A tale of a bank, it’s loyal client, and a broken agreement

Once upon a time in Kampala, Uganda there was a bank called Commercial Bank of Africa (CBA) and a company named Kare Distribution Ltd. They had done business together, involving loans and accounts, but things went sour.

In 2018, they ended up in a lower court to sort out their disagreement. Instead of fighting it out in a long trial, both sides talked and came to an agreement on how to settle the matter. The court approved this agreement and made it official, like a binding promise between them.

But soon after, Kare wasn’t happy with the deal. They thought there was a big mistake in the agreement that changed what they really meant. So, in late 2018, Kare went back to the same lower court and asked the judge to look at it again and cancel the agreement. The judge, after hearing both sides, said no—the agreement was clear, and there was no good reason to change it. This happened in August 2021, and the judge ruled in favour of CBA, telling Kare to stick with the original deal.

Kare didn’t give up. They decided to take the fight to a higher court, the Court of Appeal, hoping for a different outcome. They quickly filed papers to challenge the lower court’s decision, without checking if they needed special permission first.

You see, in Uganda’s judicial system, not every decision from a lower court can be challenged automatically in a higher one—especially when it’s about rethinking an agreement like this. The rules say you have to ask the lower court for approval to go higher, and you only have 14 days to do that after the decision.

Meanwhile, something else had changed. Back in 2020, CBA had gone through a big shift. It transferred all its business—loans, accounts, everything—to another bank called NC Bank Uganda Limited. With approval from Bank of Uganda, NC Bank changed its name to NCBA Bank Uganda Limited. So, CBA as a separate company stopped existing, but NCBA took over all its old responsibilities, including this dispute with Kare. NCBA even sent letters to the courts to let them know they were now handling these matters.

When Kare filed their challenge to the Court of Appeal, the bank (now acting through NCBA) stepped in. They said, “Wait a minute—this challenge shouldn’t even be here. Kare didn’t get the required permission from the lower court, and now the time limit has passed. It is like trying to board a bus after it’s already left the station.” They asked the higher court to cancel Kare’s challenge altogether.

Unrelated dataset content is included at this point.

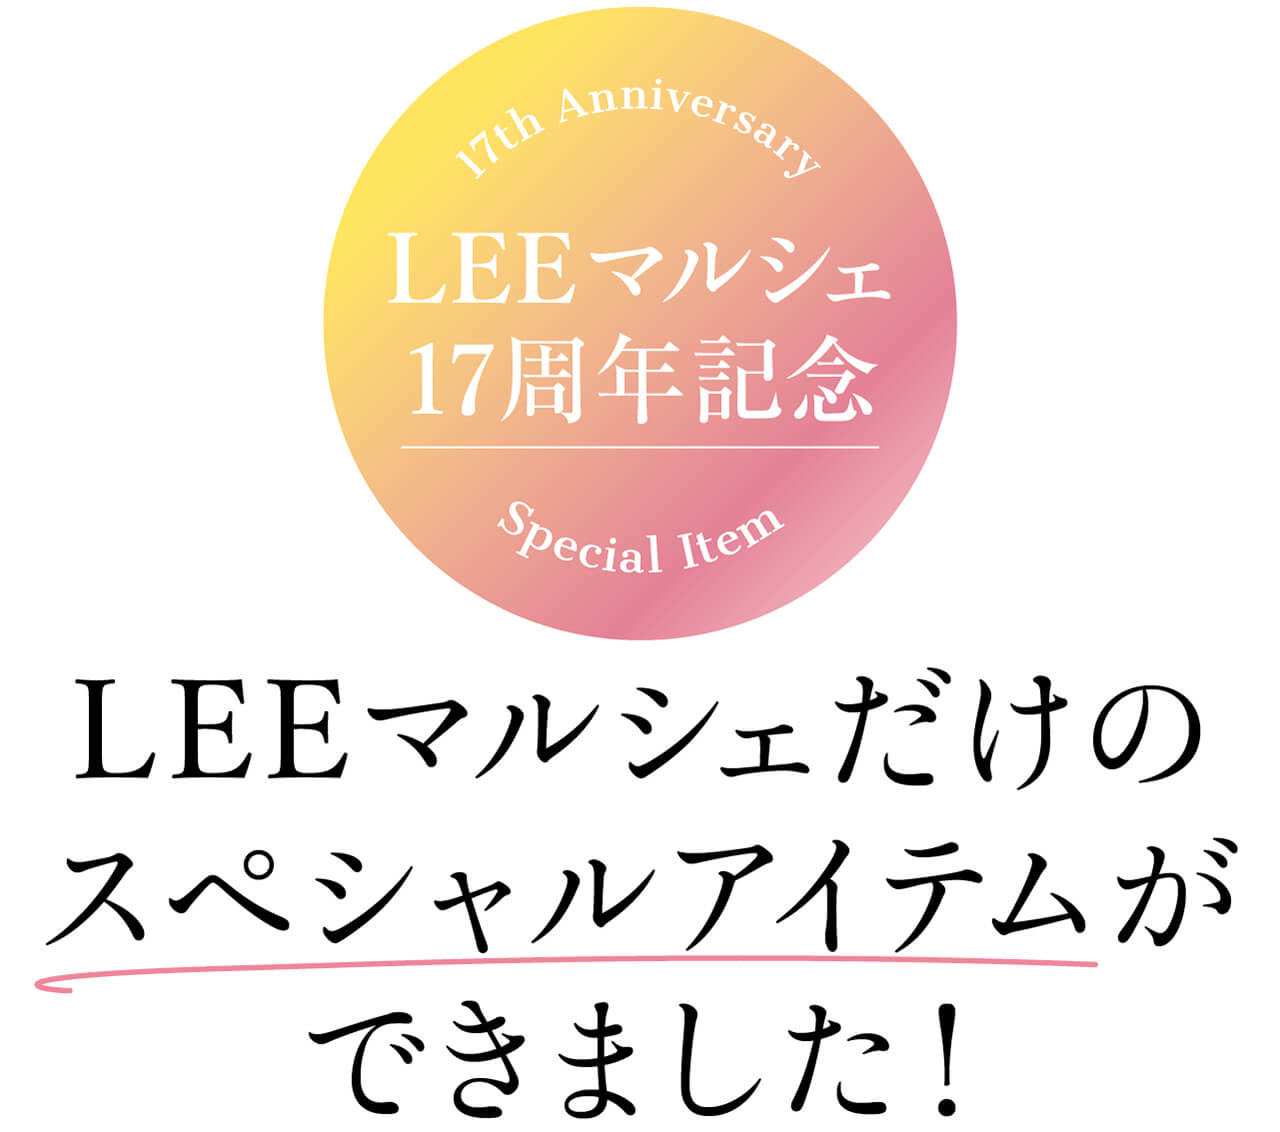 17th Anniversary Special Item　LEEマルシェ17周年記念　LEEマルシェだけのスペシャルアイテムができました！

Kare fought back. First, they argued that CBA no longer existed, so how could a “ghost” company complain? They showed papers from the 2019 board decision where NCBA took over CBA’s assets. “This whole request from the bank is invalid because they’re not a real company anymore,” Kare said. But as a backup, Kare admitted the permission slip-up was their lawyer’s honest mistake.

“Don’t punish us for that,” they pleaded. “We trusted our lawyer, and this challenge raises important questions that deserve a fair hearing. If needed, let us fix it now and move forward.”

The bank replied that the transfer was all legal and proper. NCBA had inherited everything from CBA, including the right to defend this case. A previous judge had already looked into this and confirmed that CBA could not act on its own anymore, but NCBA could step in. “We’re the ones really involved here,” the bank explained.

The Court of Appeal, made up of three judges, listened carefully. They thought about the main issue: agreements like the one between CBA and Kare are special. When both sides agree to settle, the court just stamps it—no deep judging involved. So, challenging it later is not straightforward; you can’t just jump to a higher court without following the steps.

The judges agreed that Kare missed a key step by not asking for permission right away. And since the 14-day window had closed long ago (from August 19, 2021, to September 2, 2021), it was too late to fix. They could not bend the rules just because it was a lawyer’s error or because Kare thought their case was strong. Rules are rules to keep things fair and orderly.

The judges also addressed the company name mix-up. They said NCBA was the rightful stand-in for CBA, as the transfer included all old business dealings, like the loan issues with Kare. So, the bank’s request was valid.

In the end, on September 3, 2025, the Court of Appeal sided with the bank. They canceled Kare’s challenge, saying it never should have started without permission. Kare had to pay the bank’s expenses for all this trouble.

It was a lesson in following procedures carefully—sometimes, skipping a step can end the whole journey before it begins.